= Making the Grade: The Economic Evolution of American School Districts =

2009 book by William Fischel

Making the Grade : The Economic Evolution of American School Districts is a 2009 non-fiction book by William A. Fischel. It is published by the University of Chicago Press.

The book argues that, in the words of Floyd M. Hammack of New York University, "local school districts have been and remain a crucial element in American educational policy."

The book states that voters supported changes in the American educational system and changes happened because of the voters; for example, the concept of one room schools was in rural areas due to their local circumstances, but schools then consolidated into larger schools when voters decided they should do so at the ballot box.

==Background==
Fischel had written journal articles on the topic prior to creating the book.

==Contents==
The book has six chapters.
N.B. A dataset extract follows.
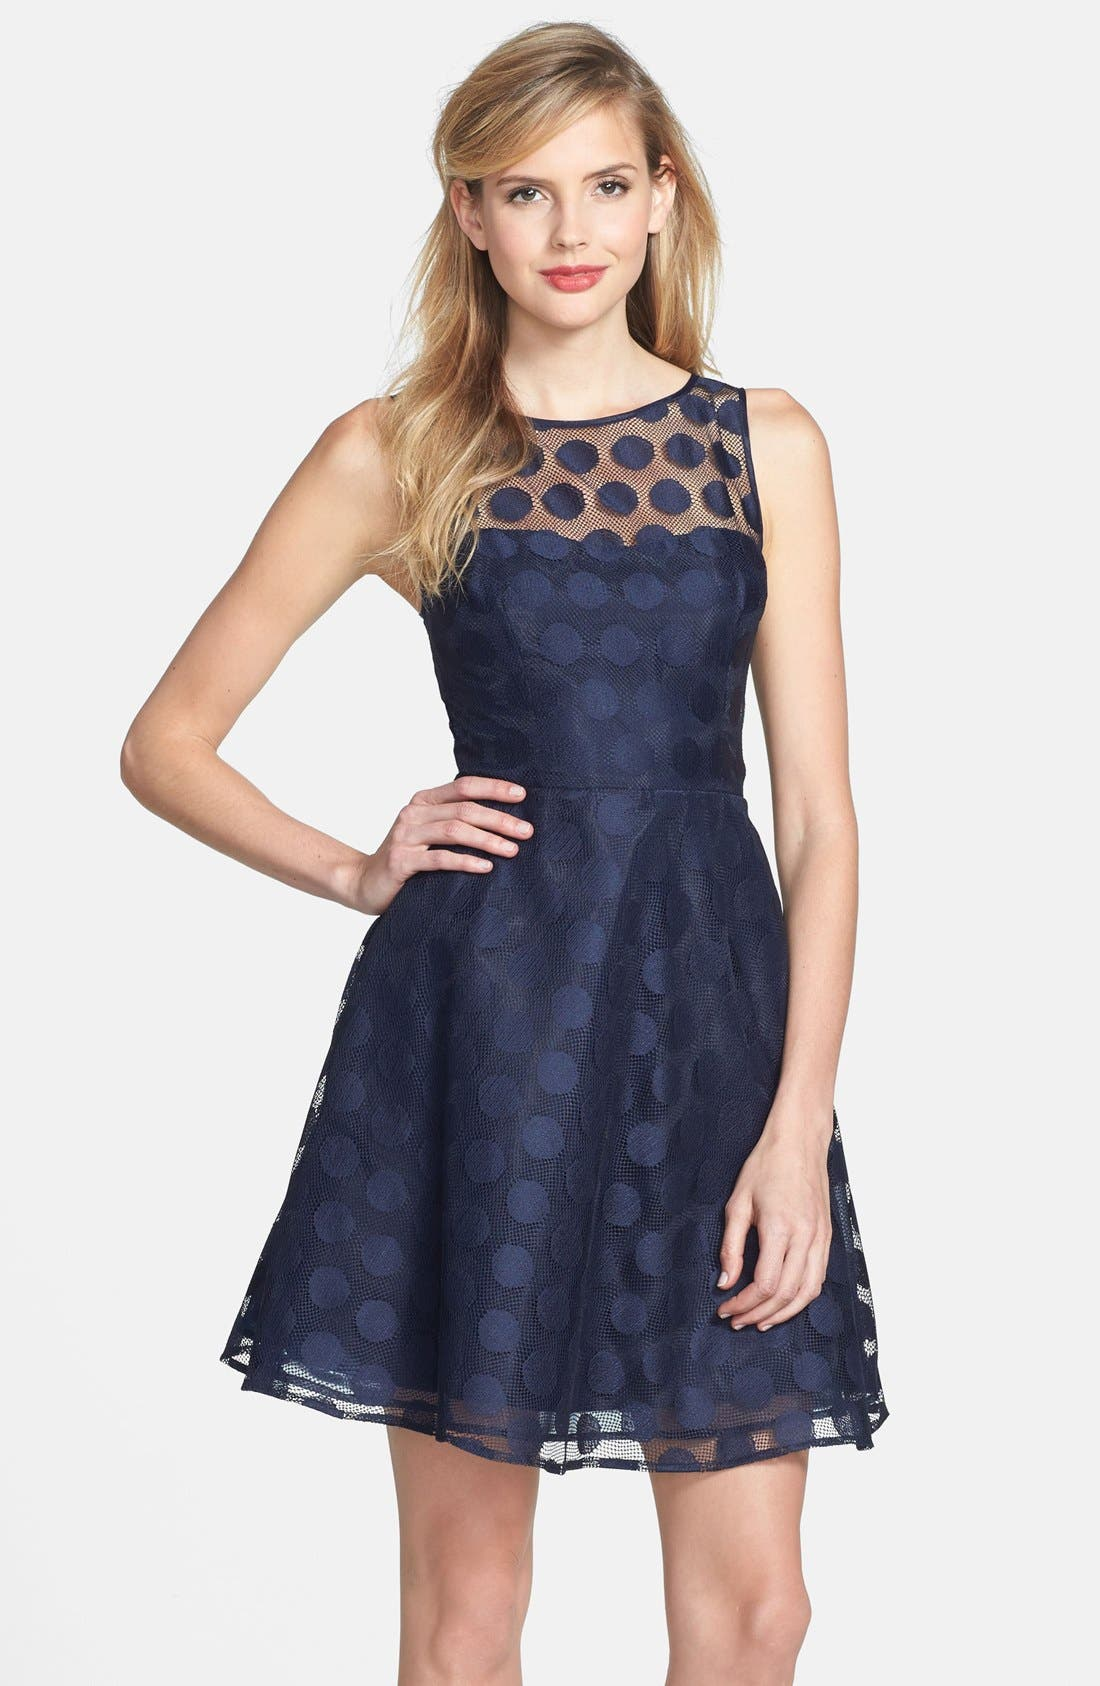 Main Image - Betsey Johnson 'Ivory' Polka Dot Mesh Fit & Flare Dress

Four of them are original to the book while the other two were adapted from journals. Fischel has analyses of the geographies of school districts, with Google Earth data presented.

Fischel argued that many land owners wanted to have their land be worth more money, so they supported increased financing into public schools in proximity, and having a common school calendar.

The work also describes why some communities rejected the concept of school vouchers.

==Reception==
Sun Go of the Korea Institute of Public Finance praised the book for being "rich in insights" about its topic. He praised the journal-derived articles for being "well adapted".